Is the pressure indicator as an electrical manometer with an upper cavity, one spatially connected to it a middle cavity and one with the middle Cavity connected by a lower tube connected to a riser space as well as with a pair of electrodes that are connected via Lei lines are connected to the control unit tet, the measurement accuracy with respect to oxygen need be increased significantly if the upper cavity room with a leading into the middle cavity  Pipe socket over a slant to the vertical of the Longitudinal axis of the manometer arranged channel connected is the liquid level of an electrically conductive Separating liquid is in the channel and one of the elec tread at least approximately parallel to the longitudinal axis is arranged so that its lower end in the Ka nal touches the liquid level.

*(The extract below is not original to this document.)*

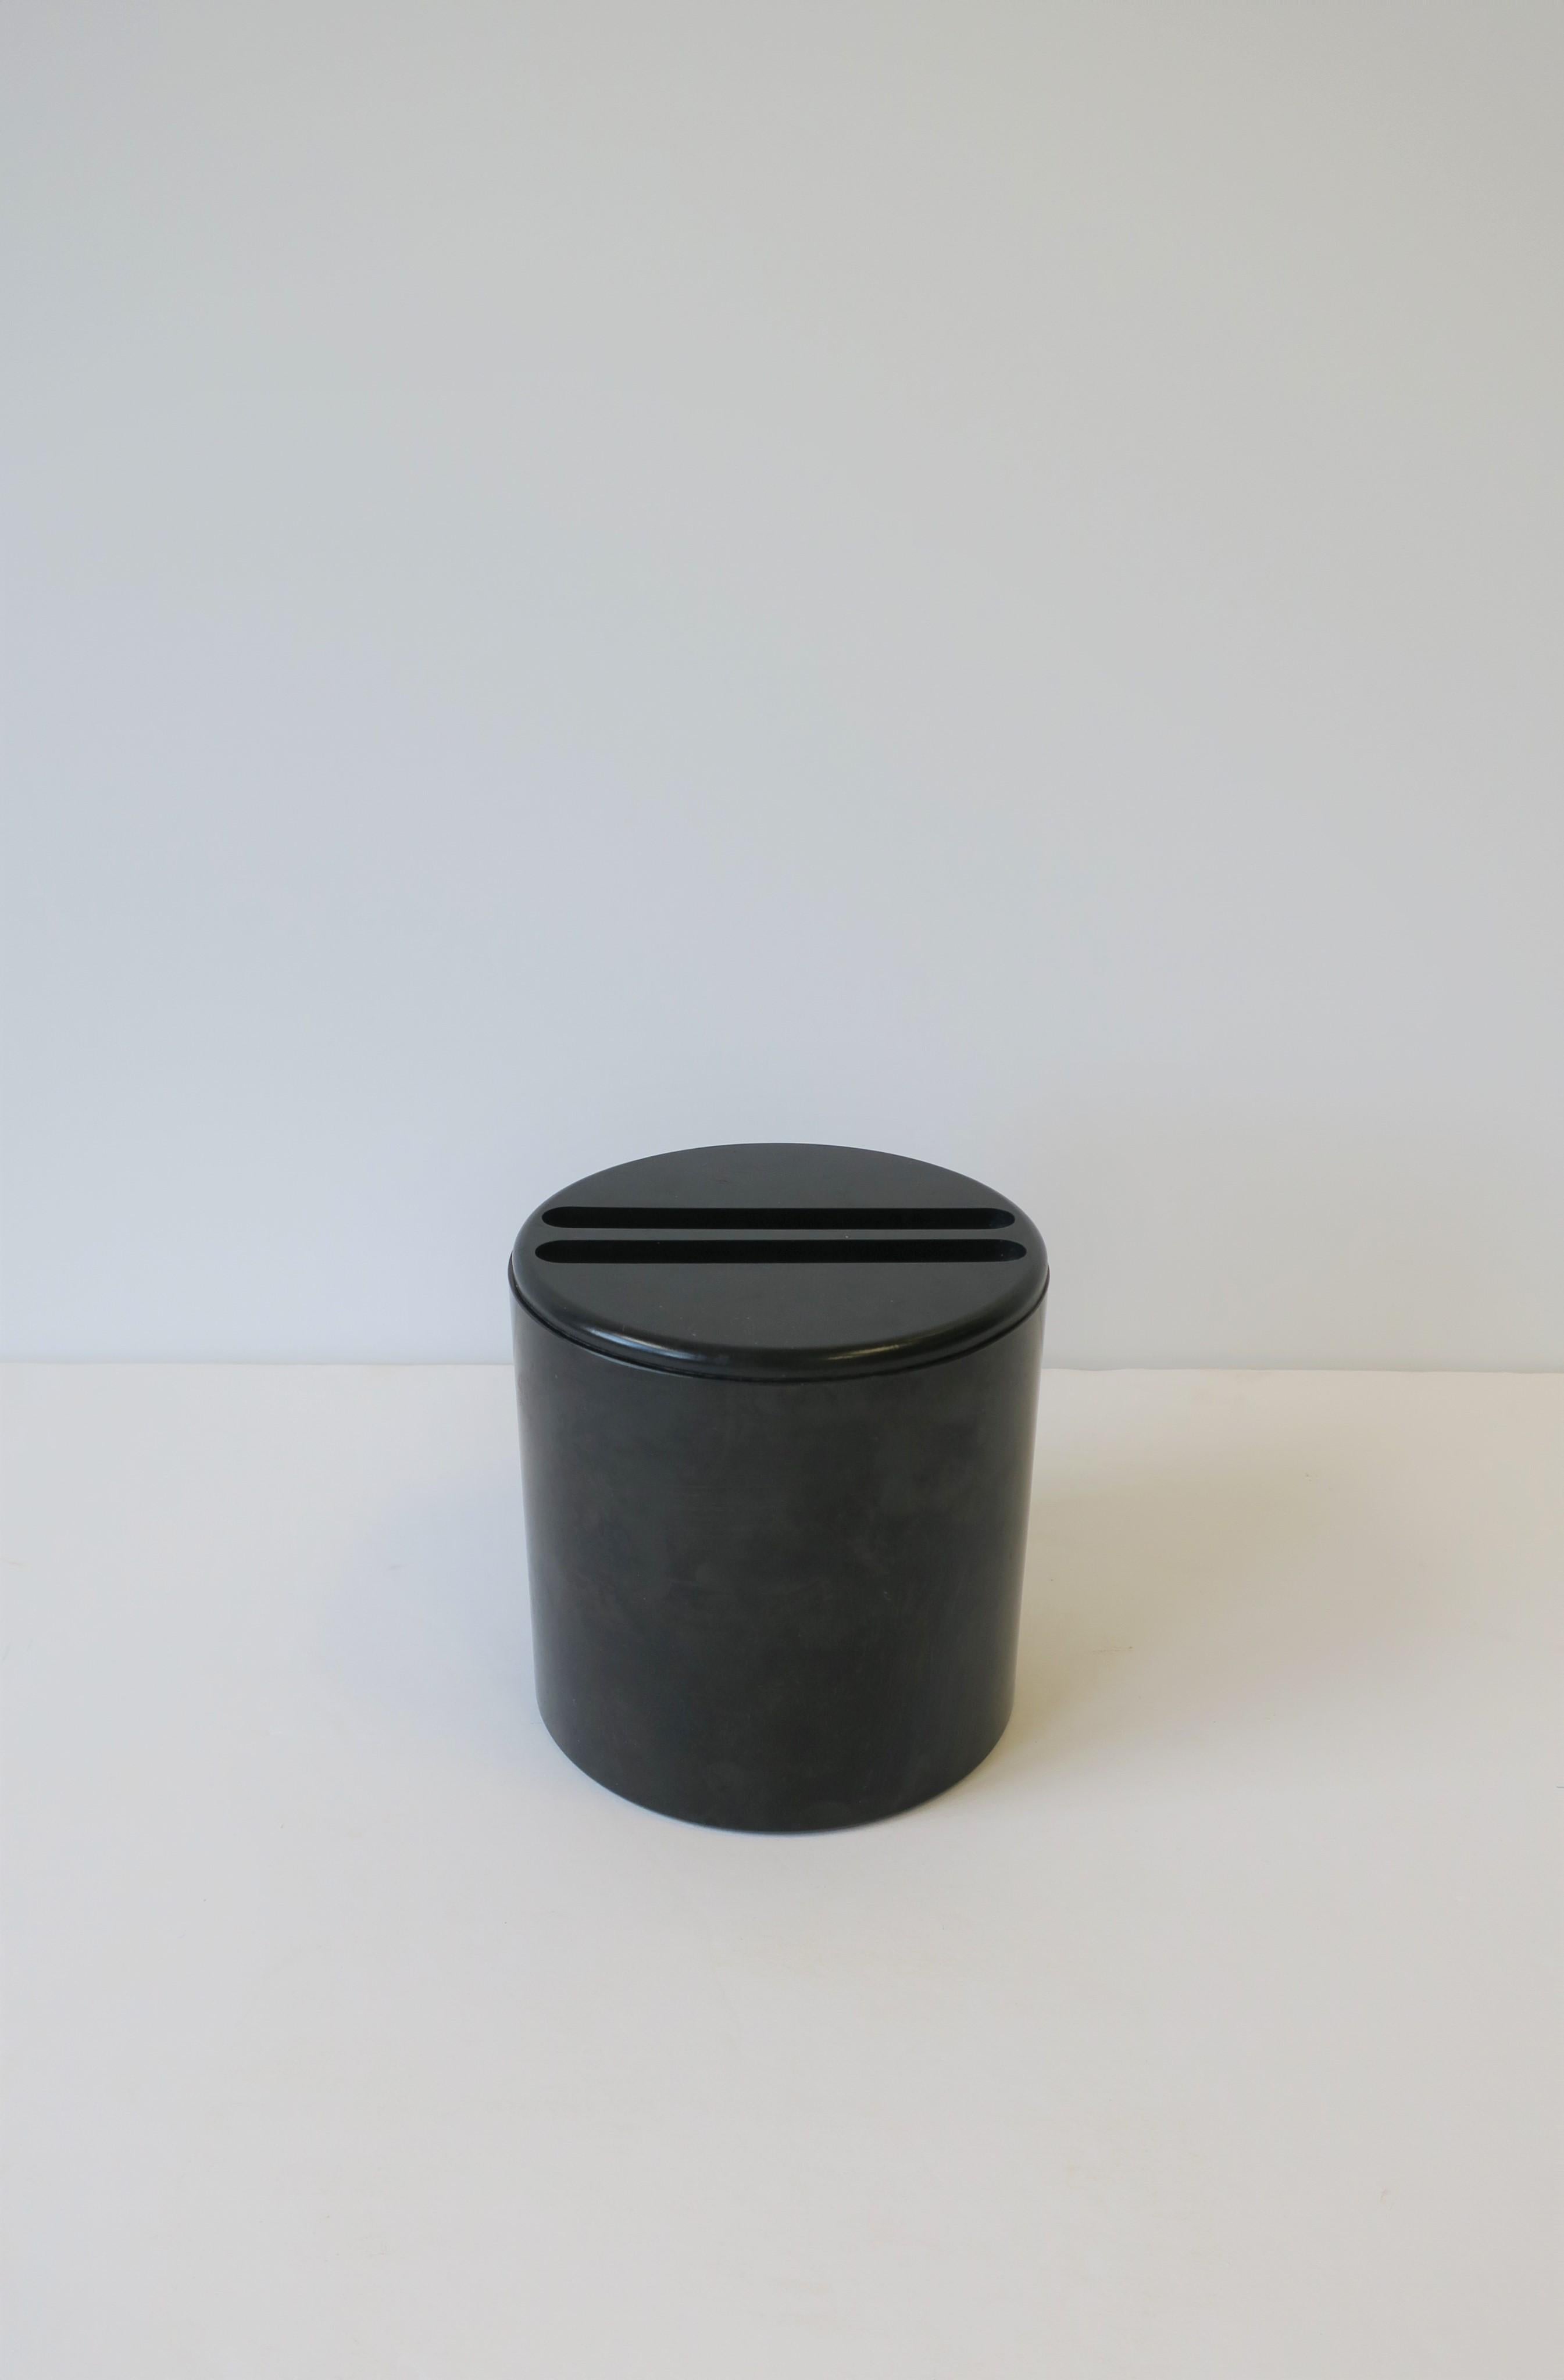 Boîte cylindrique ronde italienne noire de la période postmoderne, réalisée par l'architecte et designer G. F. 'Gianfranco' Frattini pour Progetti, vers la fin du XXe siècle, années 1980-1990, Italie. Une pièce idéale pour le stockage ou comme pièce

This advantageously has the effect of a Inclined tube manometer, in which by lying obliquely the sensitivity of the measuring tube is increased.

Furthermore, the sensitivity of the device can be increased by the fact that with the separation rivers liquid contacting electrode at the bottom ren end is needle-shaped, whereby the Surface tension of the separating liquid only low gig is impaired and adhesion of the liquid speed on the electrode is minimized.

The fact that the separation liquid up to the upper cavity communicating channel is sufficient and the electrode is correspondingly short, since they are already in the upper part of the manometer the separation liquid can come into contact this inclination of the measuring tube enables.  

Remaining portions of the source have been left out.